This month, we launch a new series featuring Native American students on their journey to success at Montana State University.
Meet Jade Yazzie. She’s a student on a mission to transform behavioral health on Indigenous reservations.
MTN News learned Jade is one of the few Native American students in the dietetics major at MSU.
It’s expertise she plans to use to impact the lives of people in the communities who have already given so much to her.
“I would like to give back to native communities in general, not just in my community but in all communities so that they can see dieticians in native communities are needed back home,” said Jade.
Indeed, Jade says she believes food is life. She says she decided to study dietetics because she feels there need to be more options to learn about behavioral health on reservations.
“Dieticians are there to help you understand food and we are there to help you in the long term instead of the short term,” said Jade. “That’s why I want to give back to native communities because we are losing our people, sadly.”

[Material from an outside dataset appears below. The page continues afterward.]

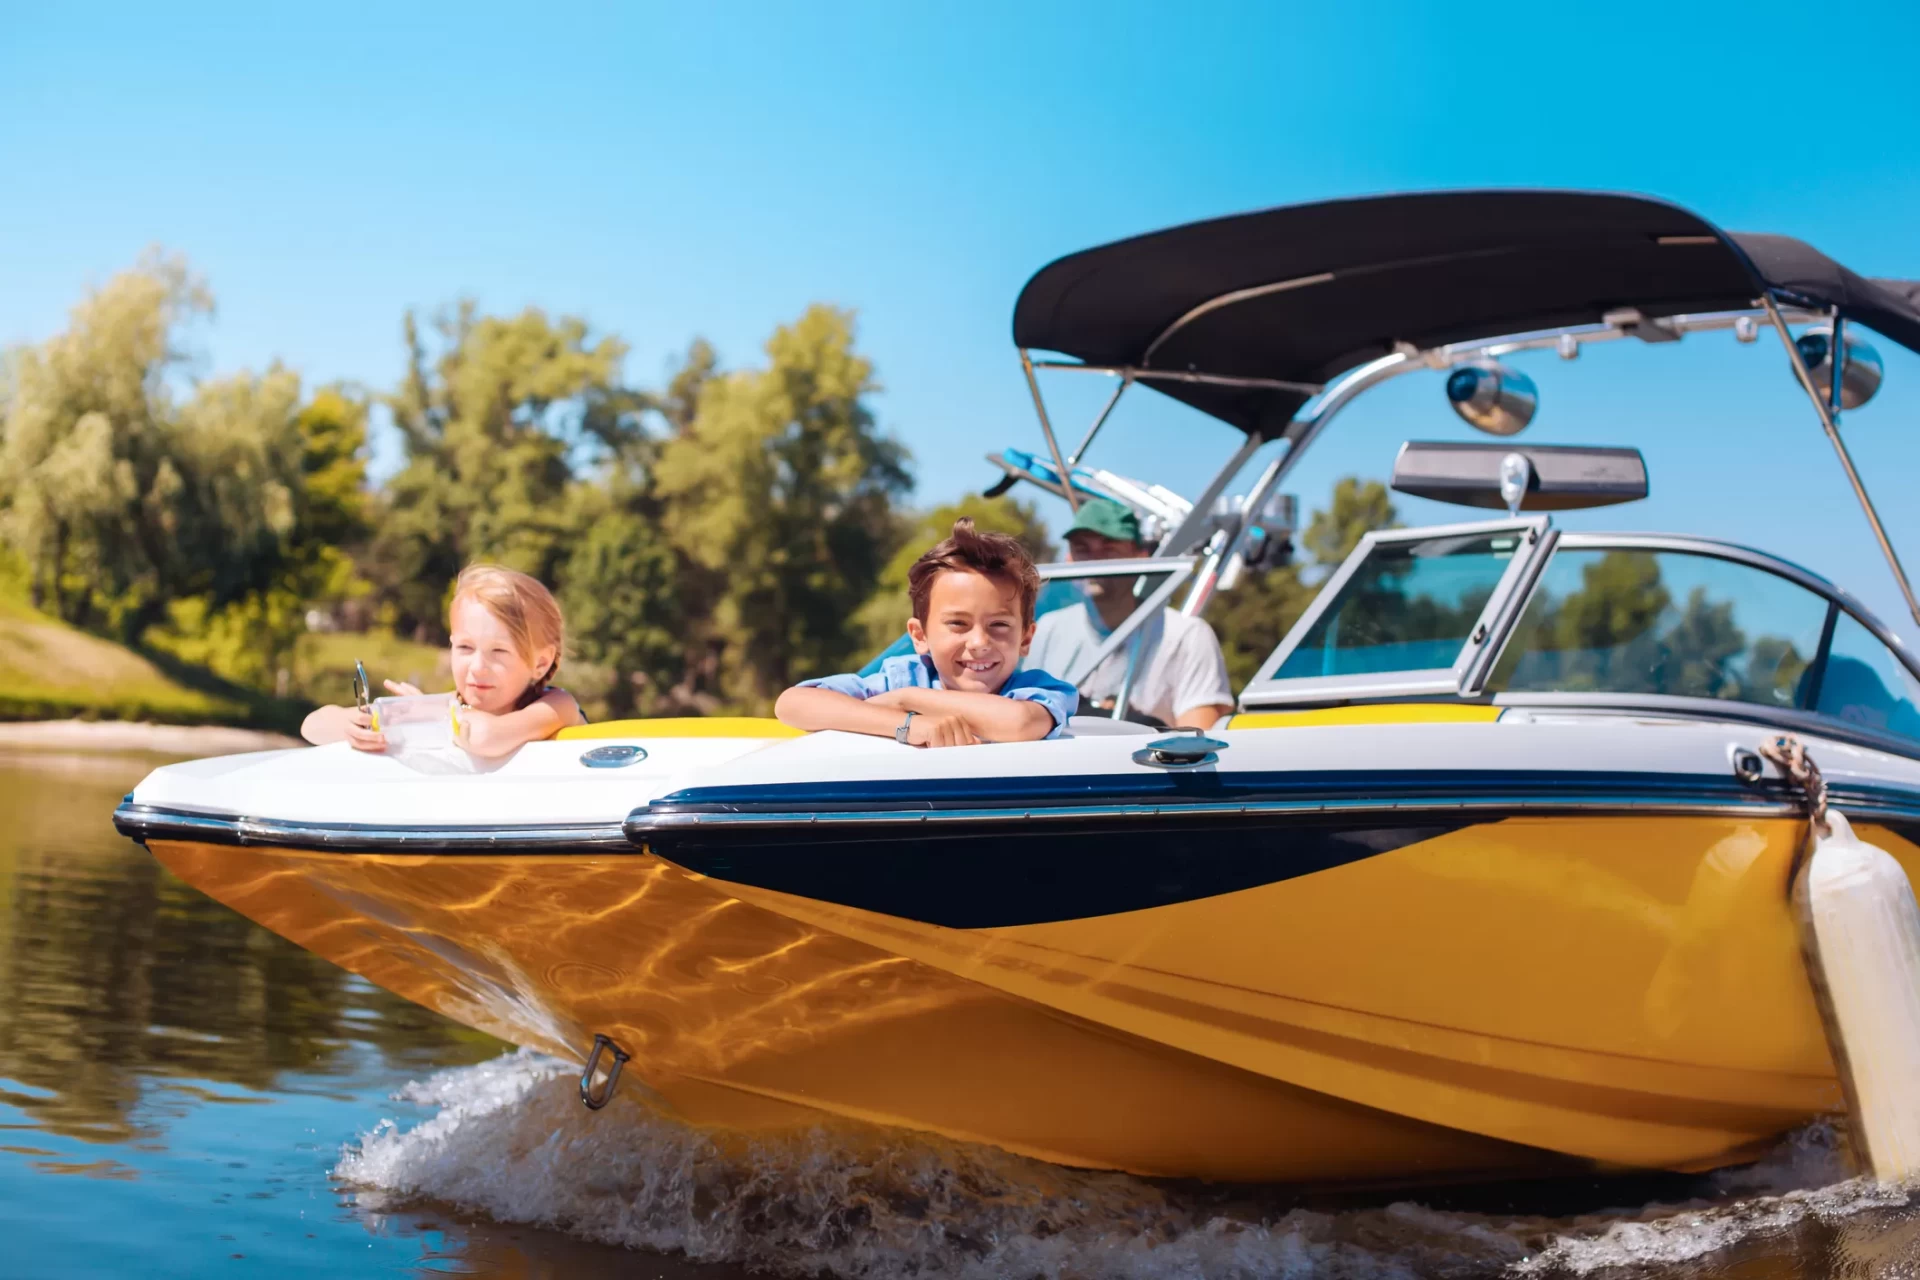 Insurance options for your boat, ATV, RV, motorcycle and more.

She grew up on the Navajo reservation in Arizona and also has family connections in Rocky Boy. She first studied nursing but realized educating people about how better food choices could change their lives was her true calling.
“I would like to give back to native communities in general, not just in my community but in all communities so that they can see dieticians in native communities are needed back home.”
She dreams of sticking with a patient long after the event that brought them to the hospital for true long-term healing.
Jade says there’s a lack of education on reservations about everything from how to read food labels to what steps to take for long-term care after a diabetes or heart disease diagnosis, and she wants to change that.
“I want to give back to my community because I want them to know that dieticians do exist,” she said.
“I’ve never seen a dietician in any health clinics ever,” said Jade. “We are kind of the back burner but we play such a huge role with aftercare, especially with outpatients because they still need our help.”
Meantime on MSU’s campus, her friends say she already has a reputation for leadership and strength. She is a graduate student in her eighth year of schooling. But Jade recalls a time right after she left her Arizona home when she didn’t know if she could handle the pressures of college and being so far away.
Jade says she was able to overcome the homesickness because of Native American communities on campuses in Montana that took her in and showed her she was family.
“Just the welcoming and just being so happy,” said Jade. “Just welcoming me into your community and being so selfless and making sure native students succeed. I’m so thankful.”
She says she tries to show that same love to other students, and one day, the patients that will call on her for help.
"I’m not going change it overnight, but step-by-step as more progress is being made towards that, and I want to be a part of that change,” said Jade.
Jade said she’s passionate about bringing the four pillars of health into her practice: to be there for others—spiritually, mentally, physically, and emotionally.